DATA section start

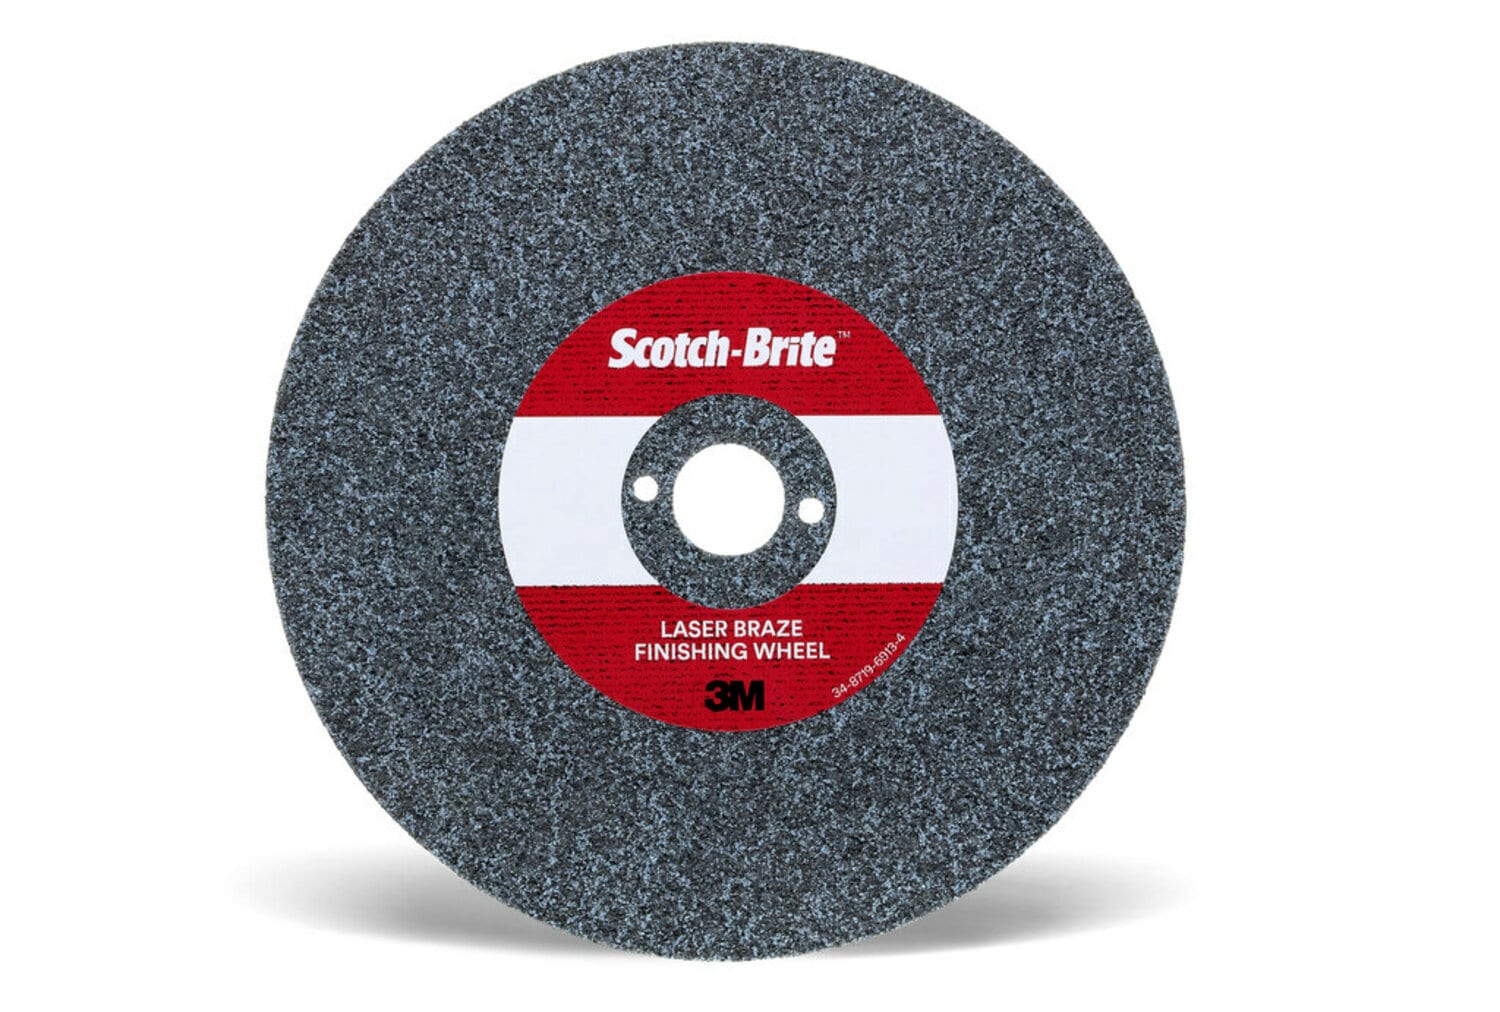 7100115840 - Scotch-Brite Laser Braze Finishing Wheel, 4 in x 3.5mm x 1/4 in, 20
ea/Case
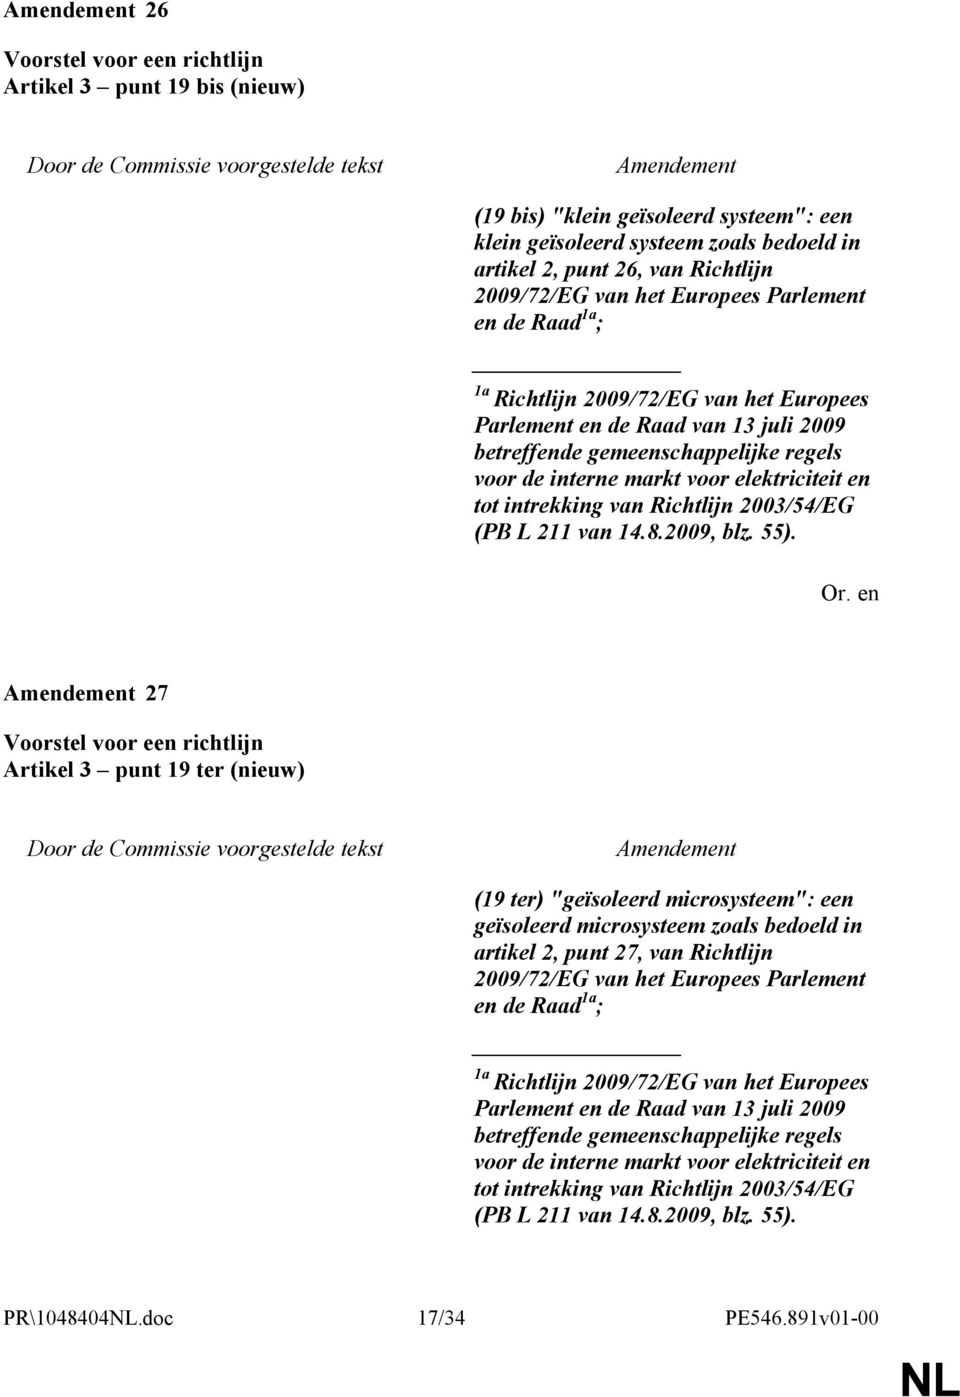 2003/54/EG (PB L 211 van 14.8.2009, blz. 55).

DATA section end

# PROBLEM DETAILS
Hand back the data above exactly, leaving out all pictures.

# EXERCISE SOLUTION
 7100115840 - Scotch-Brite Laser Braze Finishing Wheel, 4 in x 3.5mm x 1/4 in, 20
ea/Case
 2003/54/EG (PB L 211 van 14.8.2009, blz. 55).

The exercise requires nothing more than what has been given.